Commercial websites for family tree building

Ancestry.co.uk

Huge collection of records including exclusive content for some counties. Good family tree builder that lets you share research with others.

Findmypast.co.uk

Another genealogy giant with exclusive content for some counties. Includes millions of pages of newspapers if you take out a Pro subscription.

ScotlandsPeople.gov.uk

Pay-as-you-go website offering the majority of records you will need for Scottish research.

TheGenealogist.co.uk

Smaller subscription website but includes some exclusive records, such as tithe maps, along with the staples such as census records.

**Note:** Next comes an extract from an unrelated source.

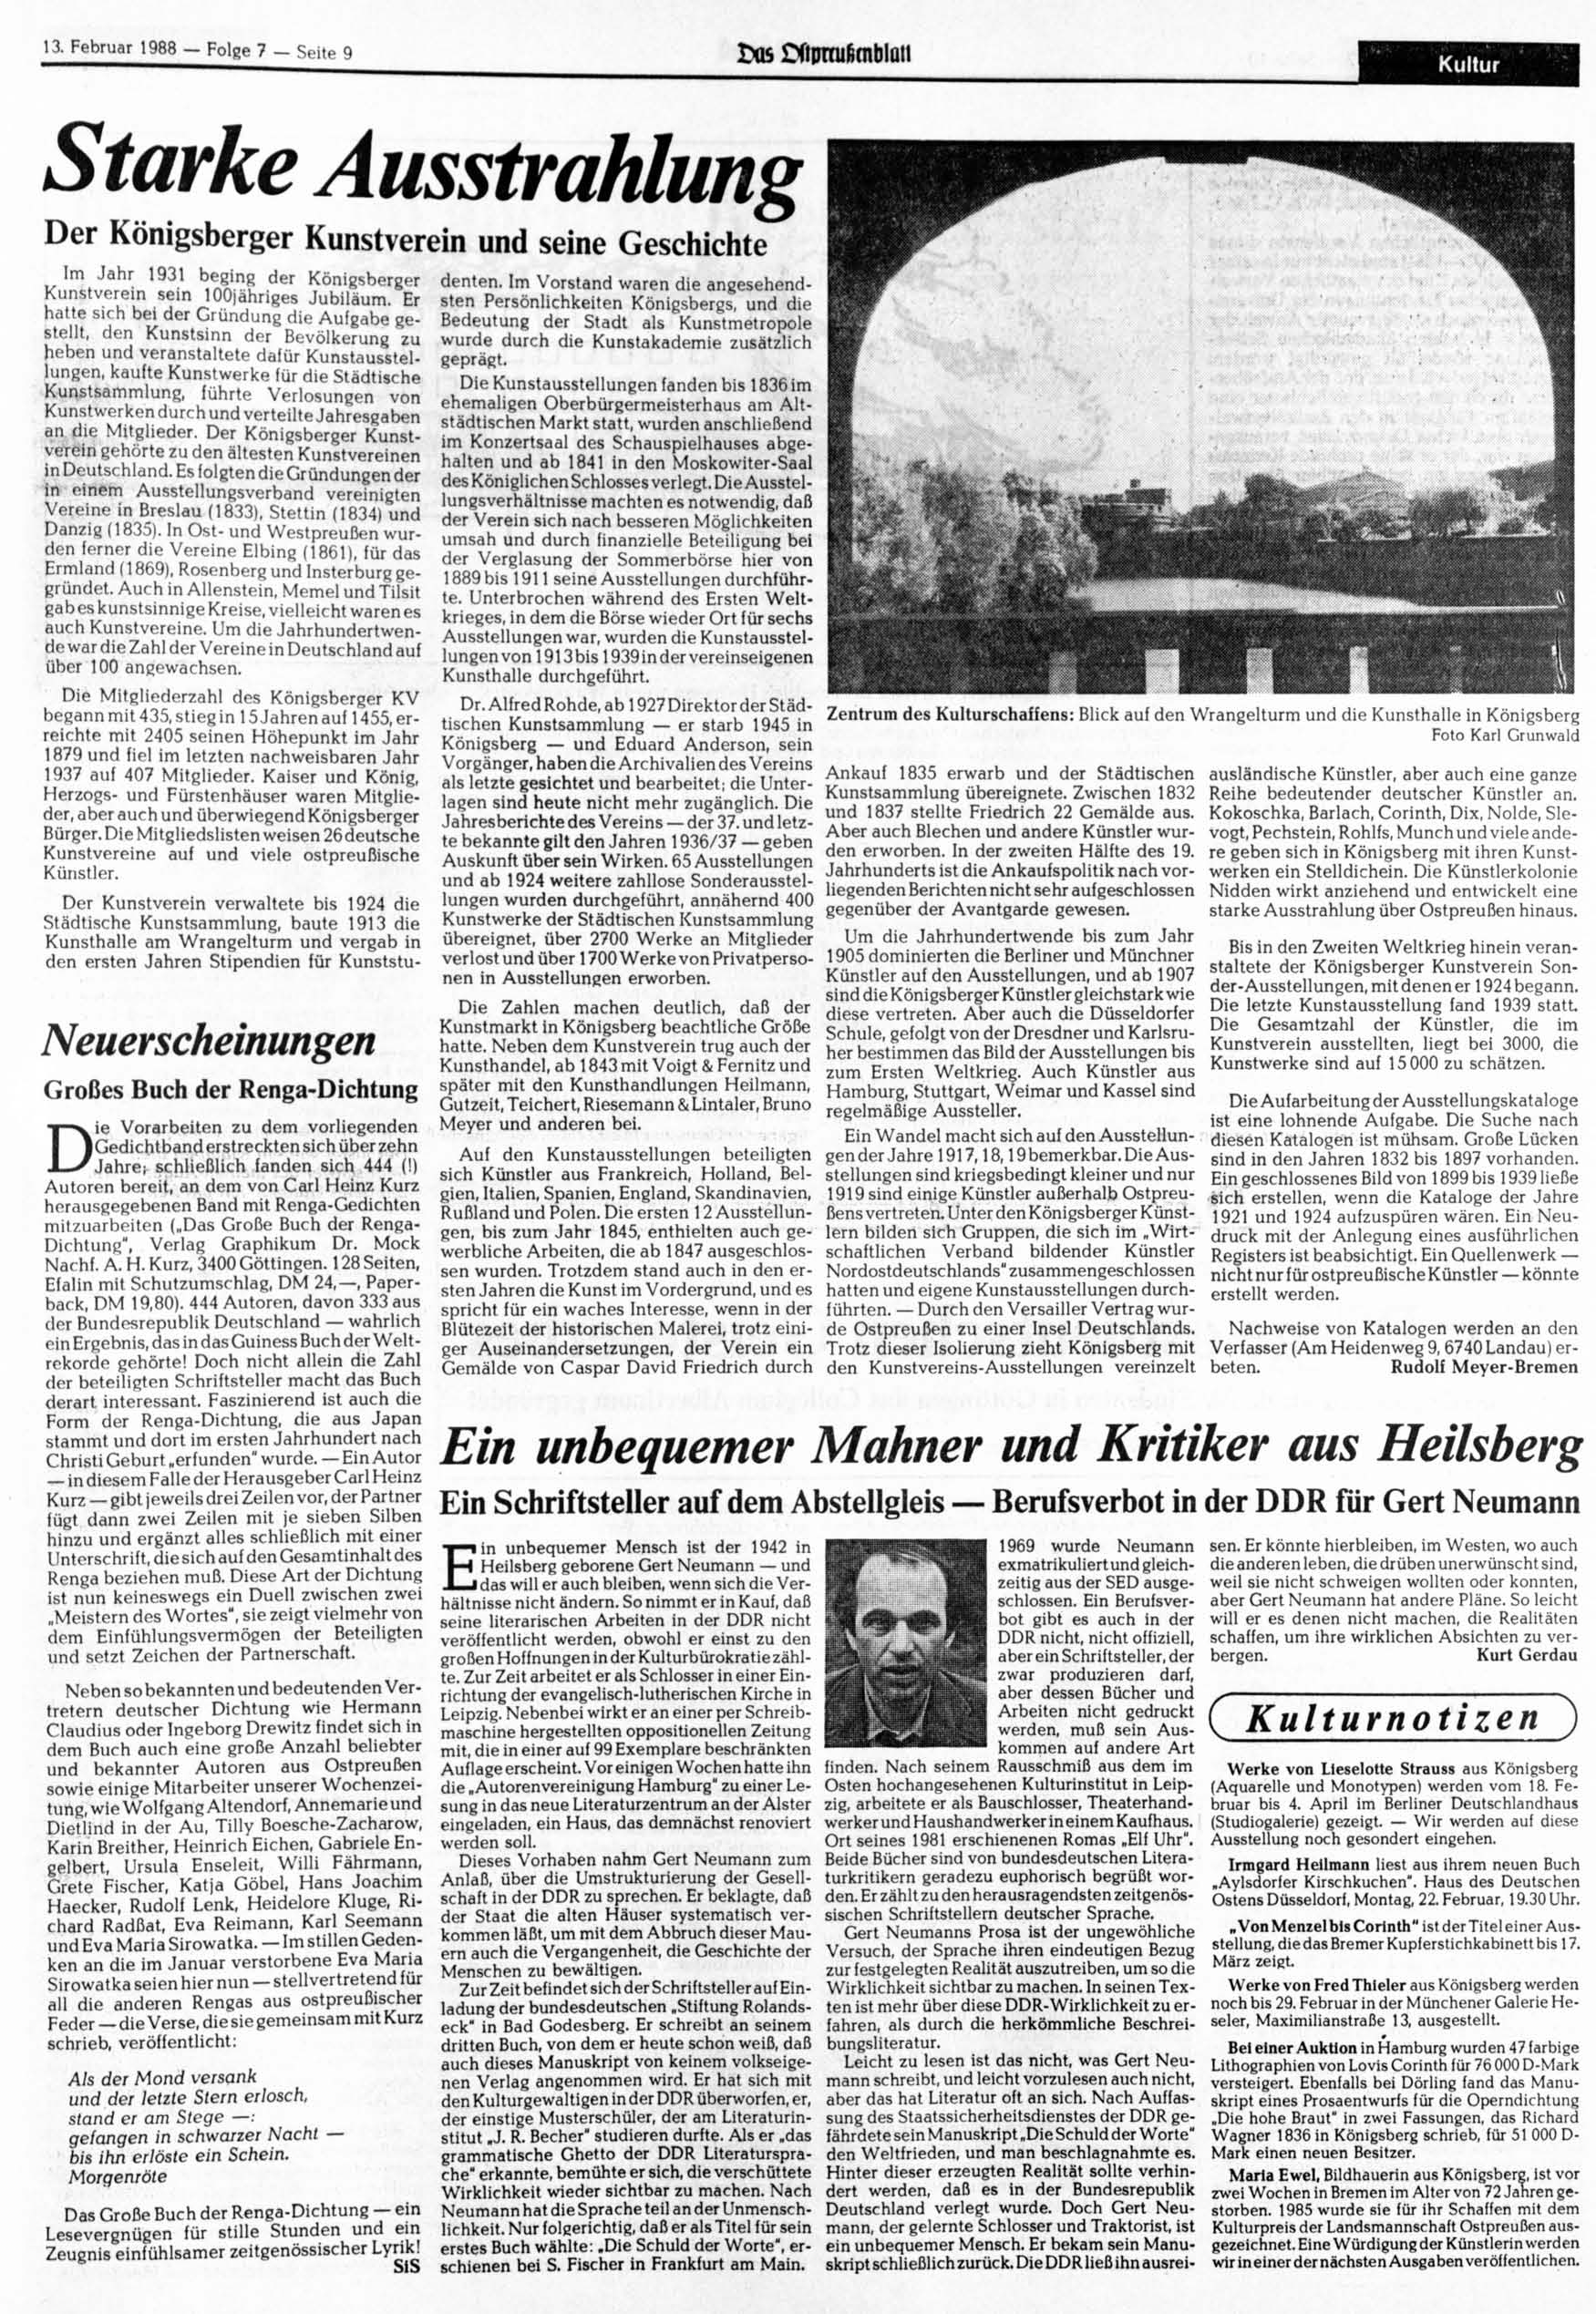 13. Februar 1988 Folge 7 Seite 9 Ixis IXtumifimblütl Starke Ausstrahlung Der Königsberger Kunstverein und seine Geschichte Im Jahr 1931 beging der Königsberger Kunstverein sein loojähriges Jubiläum.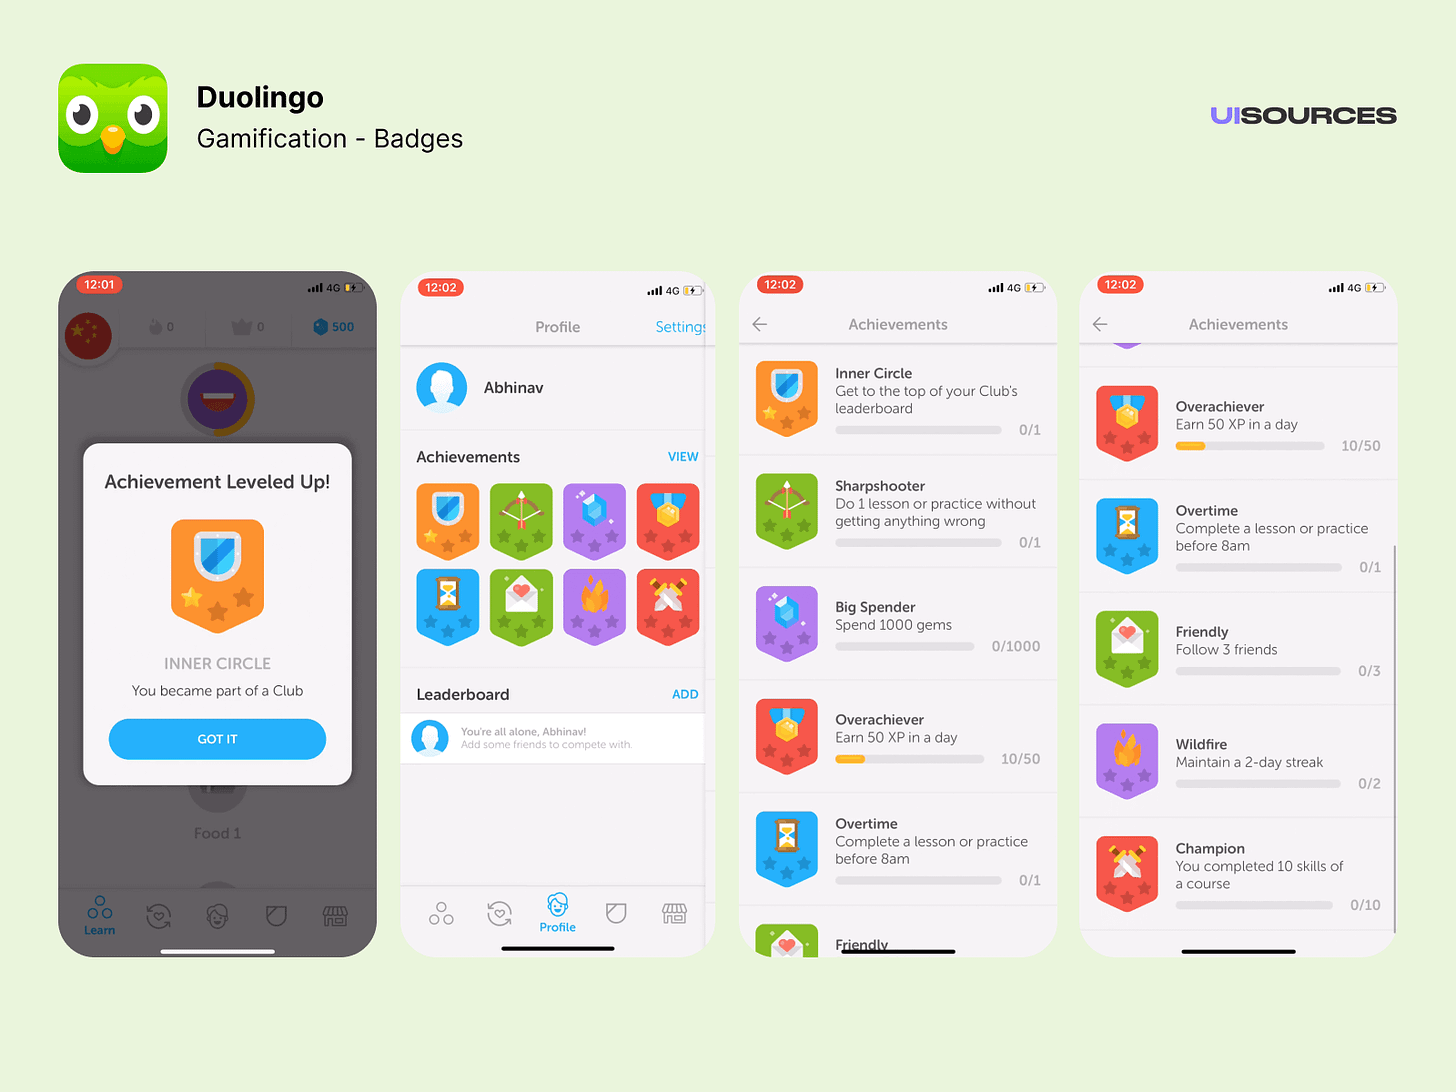 Duolingo - Gamification Screenshots | UI Sources

Free websites to help trace your family tree

FamilySearch.org

A global collection of records, some with images. Also has a useful Research Wiki.

FreeUKGenealogy.org.uk

A central hub leading to three useful databases.

FreeBMD will supply the reference you need to order birth, marriage and death certificates.

WhoDoYouThinkYouAreMagazine.com

Read tutorials on all the main record sets and keep up to date with new records going online.


Places to visit to help track down your ancestors

The Museum of English Rural Life

A museum, library and archive in Swindon with a large collection of farm diaries.

The National Museum of Rural Life

Based in East Kilbride, Scotland, the museum has a large collection of farm machinery.